Exercise objective:
Check every line below, and copy those that include "Jesus".

Data shown:
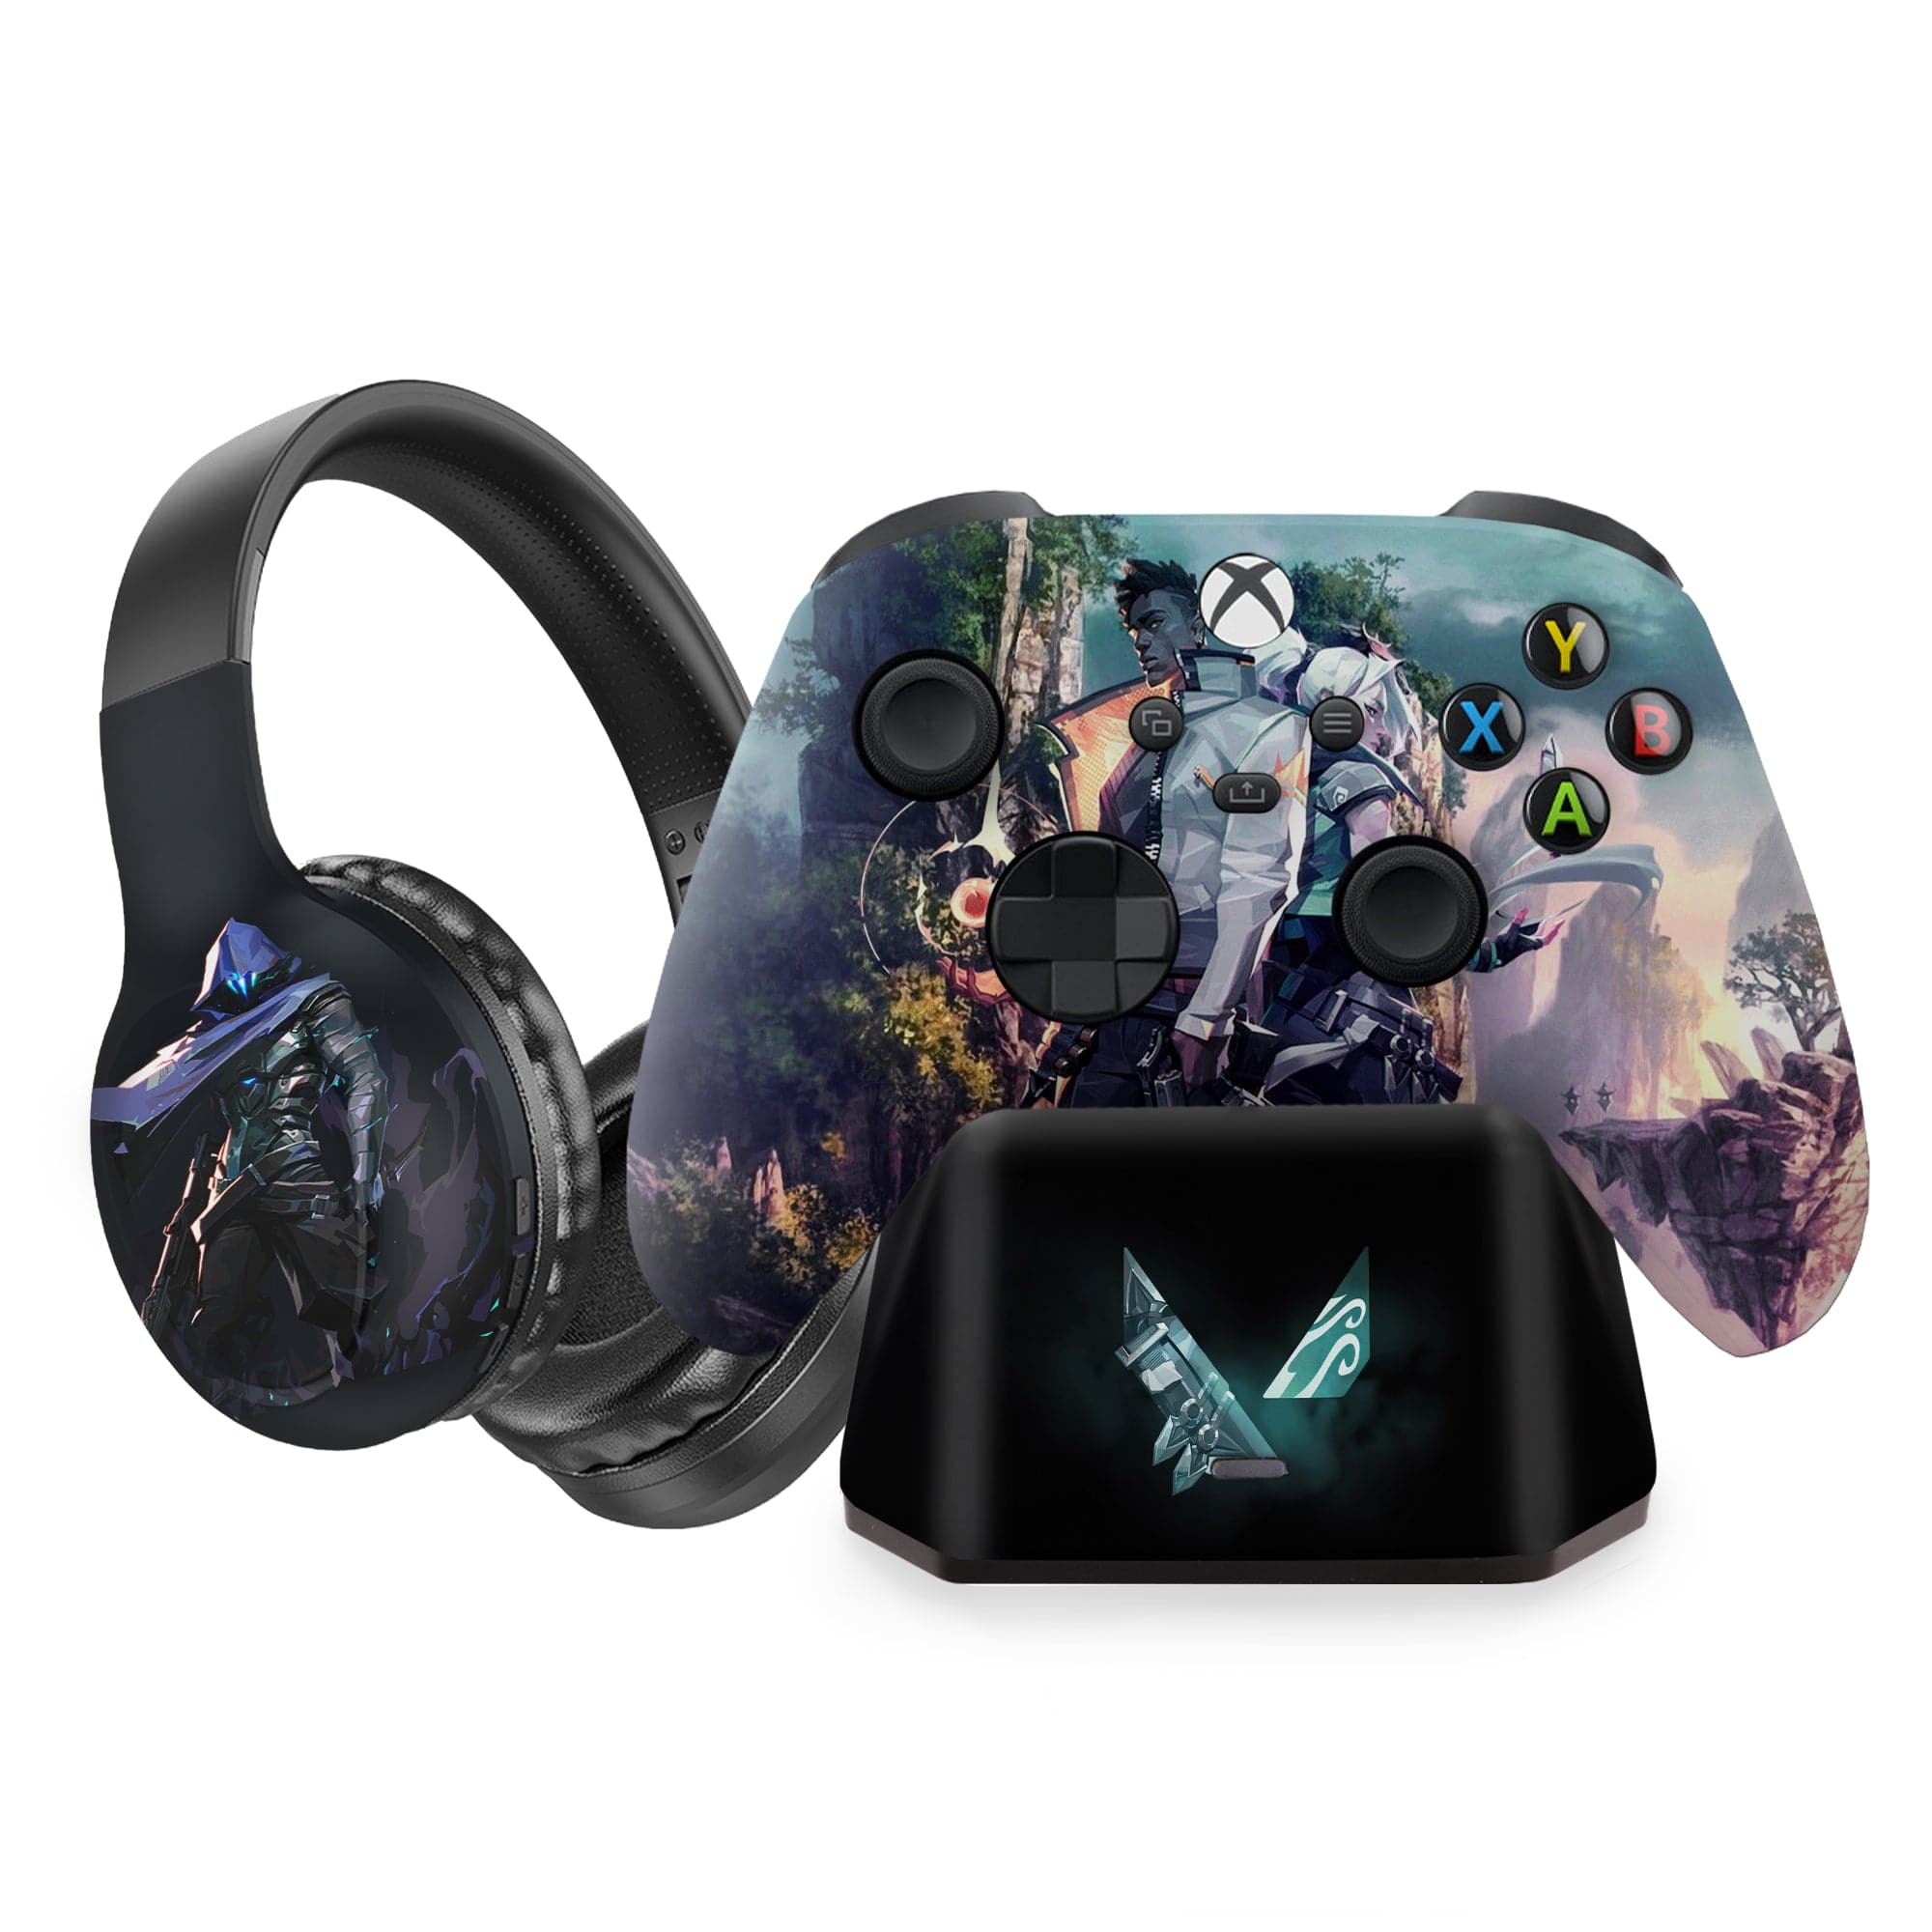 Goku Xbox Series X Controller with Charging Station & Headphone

==

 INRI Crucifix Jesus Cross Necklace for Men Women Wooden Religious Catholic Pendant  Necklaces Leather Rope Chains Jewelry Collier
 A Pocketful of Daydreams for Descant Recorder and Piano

* * *

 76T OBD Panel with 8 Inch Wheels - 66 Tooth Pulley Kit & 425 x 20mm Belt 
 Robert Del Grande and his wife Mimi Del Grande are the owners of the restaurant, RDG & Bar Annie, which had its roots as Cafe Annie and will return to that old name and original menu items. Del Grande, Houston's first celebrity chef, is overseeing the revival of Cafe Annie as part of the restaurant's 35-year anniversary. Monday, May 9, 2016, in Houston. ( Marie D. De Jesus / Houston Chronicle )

Completed exercise:
 INRI Crucifix Jesus Cross Necklace for Men Women Wooden Religious Catholic Pendant  Necklaces Leather Rope Chains Jewelry Collier
 Robert Del Grande and his wife Mimi Del Grande are the owners of the restaurant, RDG & Bar Annie, which had its roots as Cafe Annie and will return to that old name and original menu items. Del Grande, Houston's first celebrity chef, is overseeing the revival of Cafe Annie as part of the restaurant's 35-year anniversary. Monday, May 9, 2016, in Houston. ( Marie D. De Jesus / Houston Chronicle )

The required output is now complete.